Restate word for word the lines below that run from the one holding "Yıldızlar Ferdi Türkiye" through the one holding "2019-08-18 | Estudio", inclusive. Pictures don't belong in the copy.

_AVAILABLE DATA_
★ ★ ★ ★ ★ ★ ★

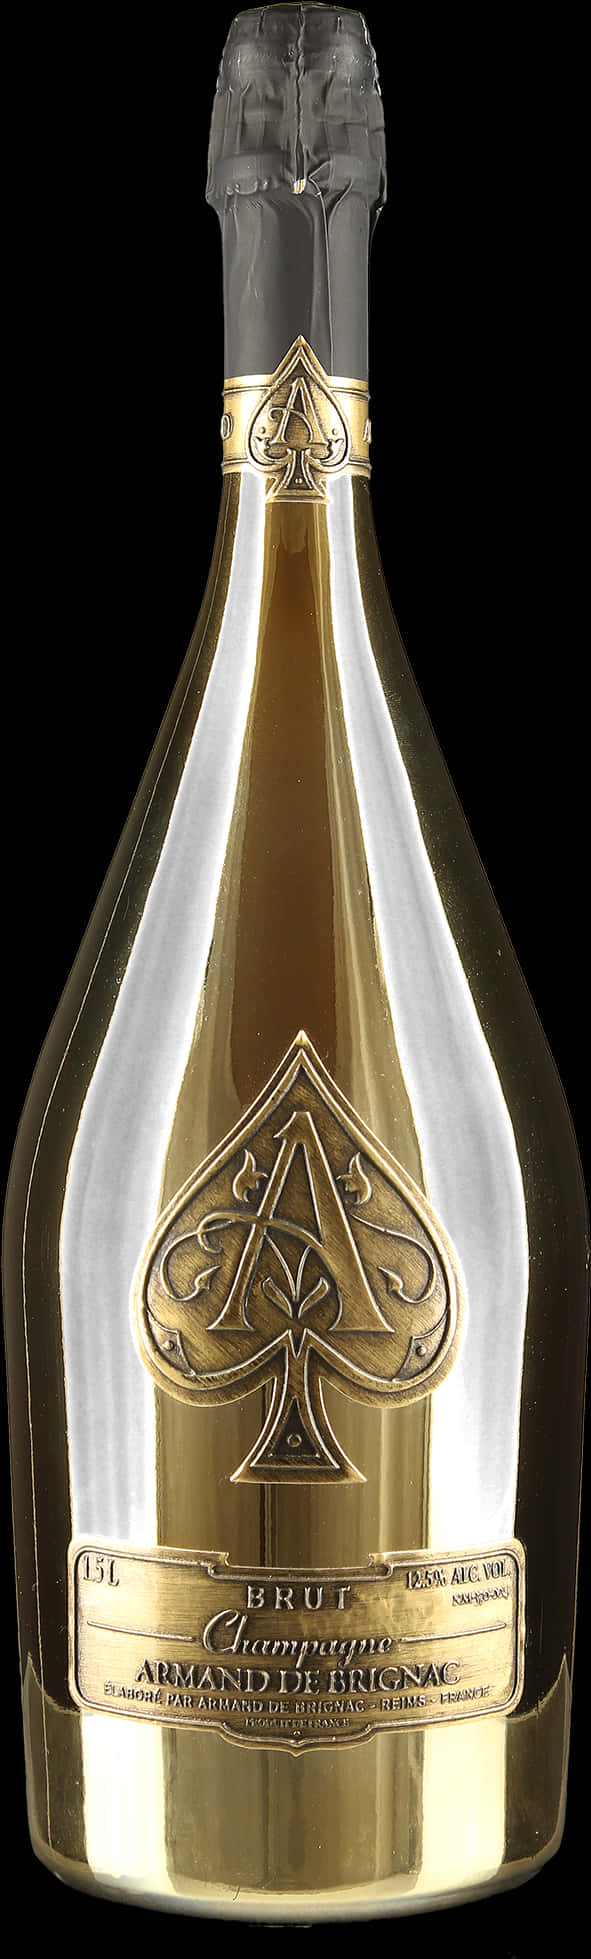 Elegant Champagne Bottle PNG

★ ★ ★ ★ ★ ★ ★

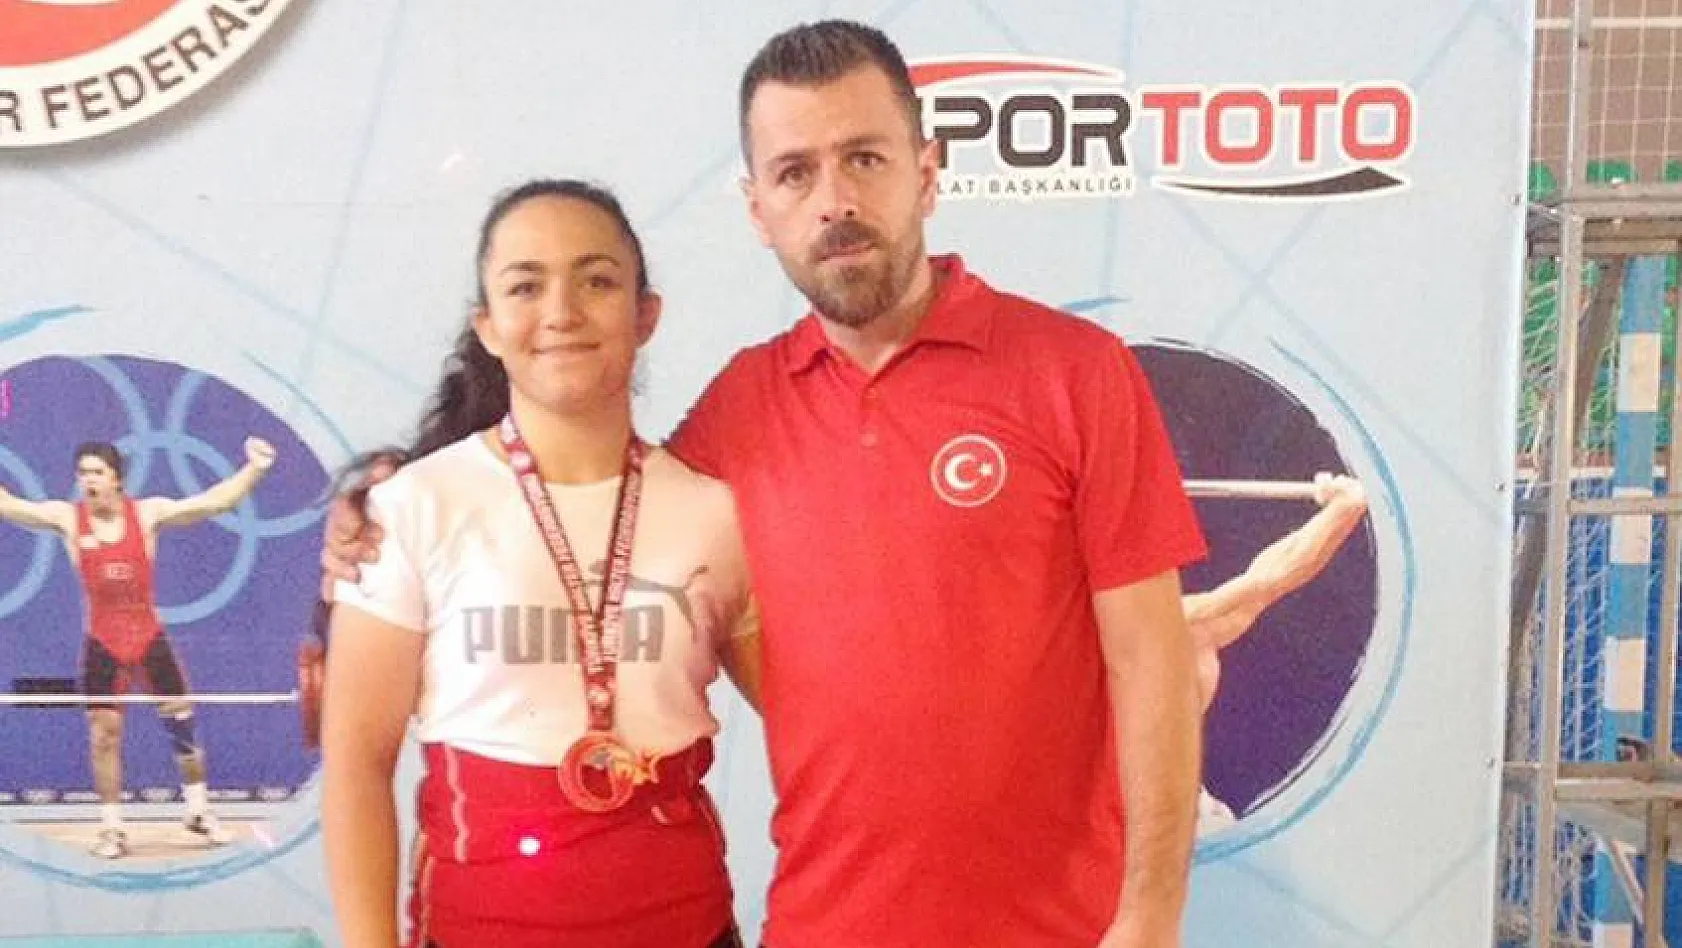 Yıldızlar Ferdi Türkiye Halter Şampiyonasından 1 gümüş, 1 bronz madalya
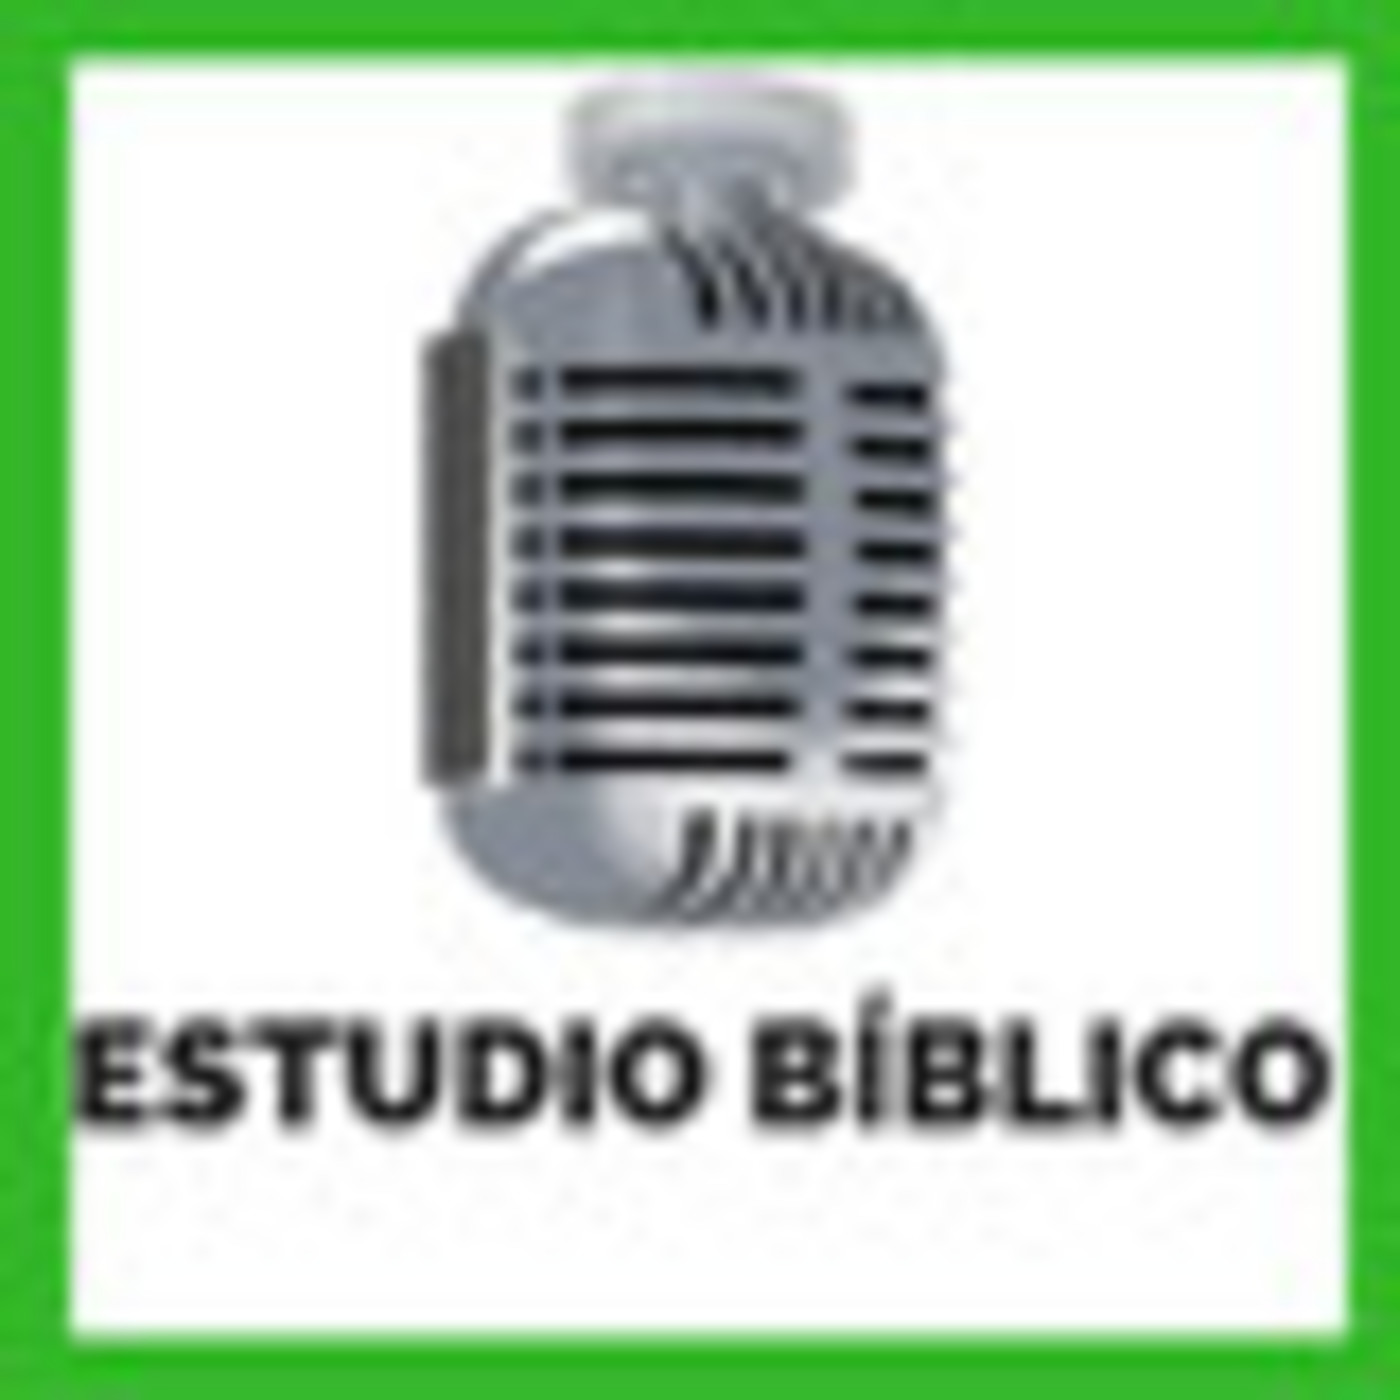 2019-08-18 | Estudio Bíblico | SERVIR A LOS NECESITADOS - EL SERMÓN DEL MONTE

★ ★ ★ ★ ★ ★ ★

_RESPONSE FOR THIS EXERCISE_
 Yıldızlar Ferdi Türkiye Halter Şampiyonasından 1 gümüş, 1 bronz madalya
 2019-08-18 | Estudio Bíblico | SERVIR A LOS NECESITADOS - EL SERMÓN DEL MONTE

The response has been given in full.